St. Collins Lane is a shopping centre completed in 2016, designed by ARM Architecture, which stretches between Collins and Little Collins streets in Melbourne, Australia.  Previously there were restaurants, arcades and hotels on the site.

It leads directly into the Walk Arcade at the northern end, and faces Centre Place across Collins Street at the southern end, forming part of a chain of arcades and lanes which lead from Flinders Street station to Melbourne Central Shopping Centre through the blocks between Elizabeth and Swanston streets.

History 
Starting in the late 1870s, this block of Collins Street was home to the city's most fashionable stores, such as milliners, glove-importers, portrait painters, photographers and hairdressers. Businesses such as George's Emporium, Allan's and  Glen's music and Mullens' Bookshop and Lending Library drew the cream of Melbourne society. The act of promenading here became a social pastime, known as ‘doing the block’, and the street became known simply as "The Block", a title taken up by the Block Arcade, built 1890-93. Gunstler's Cafe (at about 280 Collins Street) was established in 1879 and was amongst the most fashionable restaurants in the city. In 1890 it was renamed the Vienna Café, which in 1908 was purchased by Greek Australian restaurateur Antony J. Lucas. During World War I the name of the cafe became controversial, and Lucas responded by expanding and completely rebuilding the interior in 1916, and it reopened as the Cafe Australia, the finest tea-room in the city. Designed by US trained architect Walter Burley Griffin and Marion Mahony Griffin, it was their first completed major work in their adopted country, and featured fountains, sculpture, planting, indirect lighting, and their distinctive intricate geometric detailing. In the late 1930s, the Cafe was demolished and replaced by the Hotel Australia, completed in mid 1939. Designed by Leslie M. Perrott, it was a 12-storey building with 94 rooms, numerous private dining and function rooms, and was the most prestigious hotel in Melbourne in its day. It included an arched-roofed ballroom which was a simplified version of the main Cafe Australia space. The hotel included two small cinemas, a restaurant and bar in the basement, and a through-block shopping arcade on the ground floor which was touted as the largest in Australia, known as the Australia Arcade.

In 1989, the Hotel Australia was demolished to make way for a new development, completed in 1992, the Australia on Collins shopping arcade and four star hotel. The building's architecture, designed by Buchan Laid & Bawden (now the Buchan Group) was variously described as postmodern and imitating art deco style, and the shopping levels were ramped up and down from the street entrances in order to maximise the number of shops, and which resulted in a confusing layout.
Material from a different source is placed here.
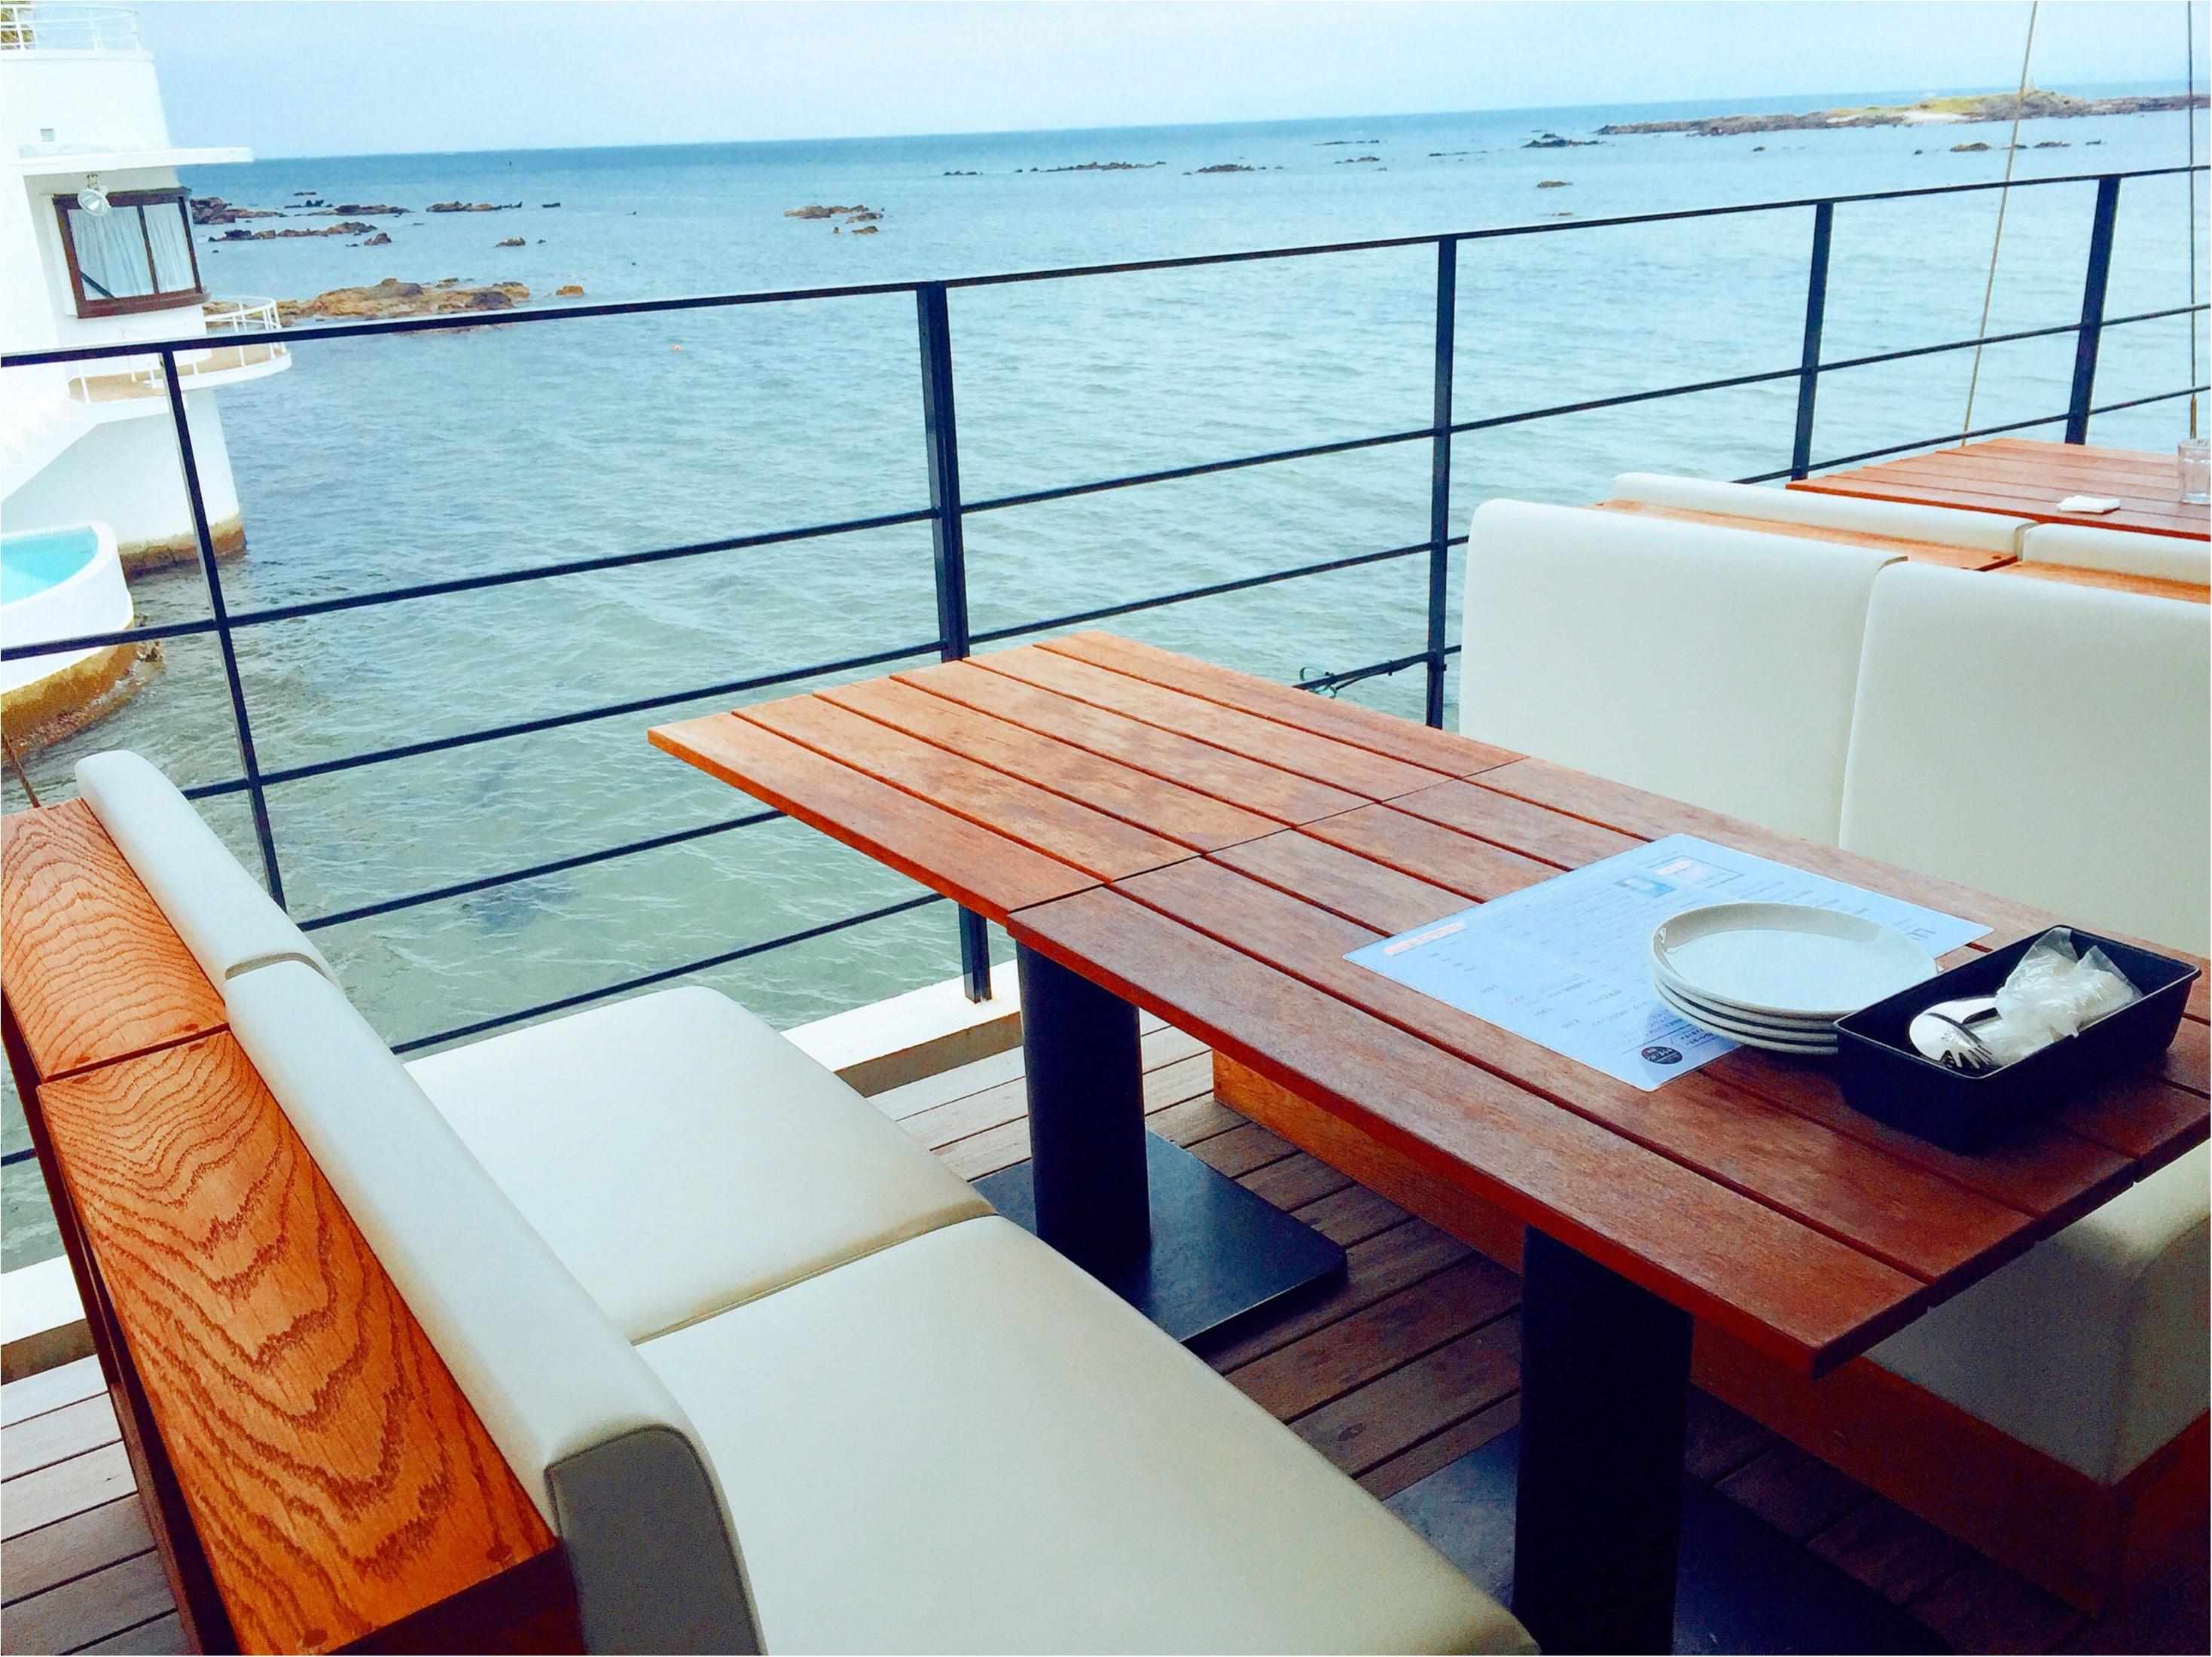 まるで海上レストラン!?海が目の前に広がるテラス席♡三浦半島の【MARINE & FARM(マリンアンドファーム)】が大人気なワケ♡_6

In later years, Australia on Collins was criticised as "a poor man's temple to the great god of commercialism" and included in a list of Melbourne's worst buildings by The Age newspaper. The shopping centre in this period included approximately 100 shops and a food court with space for 750 diners.

In April 2014, then owners LaSalle Investment Management (LIM) announced that the "dysfunctional" centre would be closed for a redevelopment costing$30 million. Architects Ashton Raggat McDougall were engaged to improve the building's "sight lines" and to prevent customers from feeling "trapped", which resulted in the shopping levels being reduced from five levels to four, without the ramping. LIM stated that the redeveloped centre would be made up of larger stores with a focus on international brands.

The redeveloped St. Collins Lane opened on 16 May 2016 and was immediately placed on the market by its owners, along with the Melbourne Novotel hotel. The centre had an approximately 70% tenancy rate at opening and was hoped by its owners to rival the recently opened Emporium Melbourne on Lonsdale Street.

St. Collins Lane was purchased in November 2016 by JPMorgan Asset Management for a reported price of $247 million.  In March 2020, JPMorgan was trying to offload the struggling mall for $150 million

Tenants 

The mall has struggled to find tenants.  In 2017 it had 45% vacancy.

The centre has 35 operating stores and includes clothing, footwear and cosmetics outlets, as well as a food court. Current key tenants include Leica, Maje, Coach, Furla, The Kooples, Zadig & Voltaire, Tag Heuer and Birkenstock.

UK department store Debenhams opened as an anchor tenant in October 2017 but closed in January 2020. In November 2018, Melbourne’s first Leica store and gallery opened offering an art gallery, studio and Akademie workshops.

In November 2018, it was announced that British watchmaker Bremont and Paris fashion house Claudie Pierlot had signed on as new tenants. Bremont is set to open in December 2018 while Claudie Pierlot will open for trading in the first half of 2019.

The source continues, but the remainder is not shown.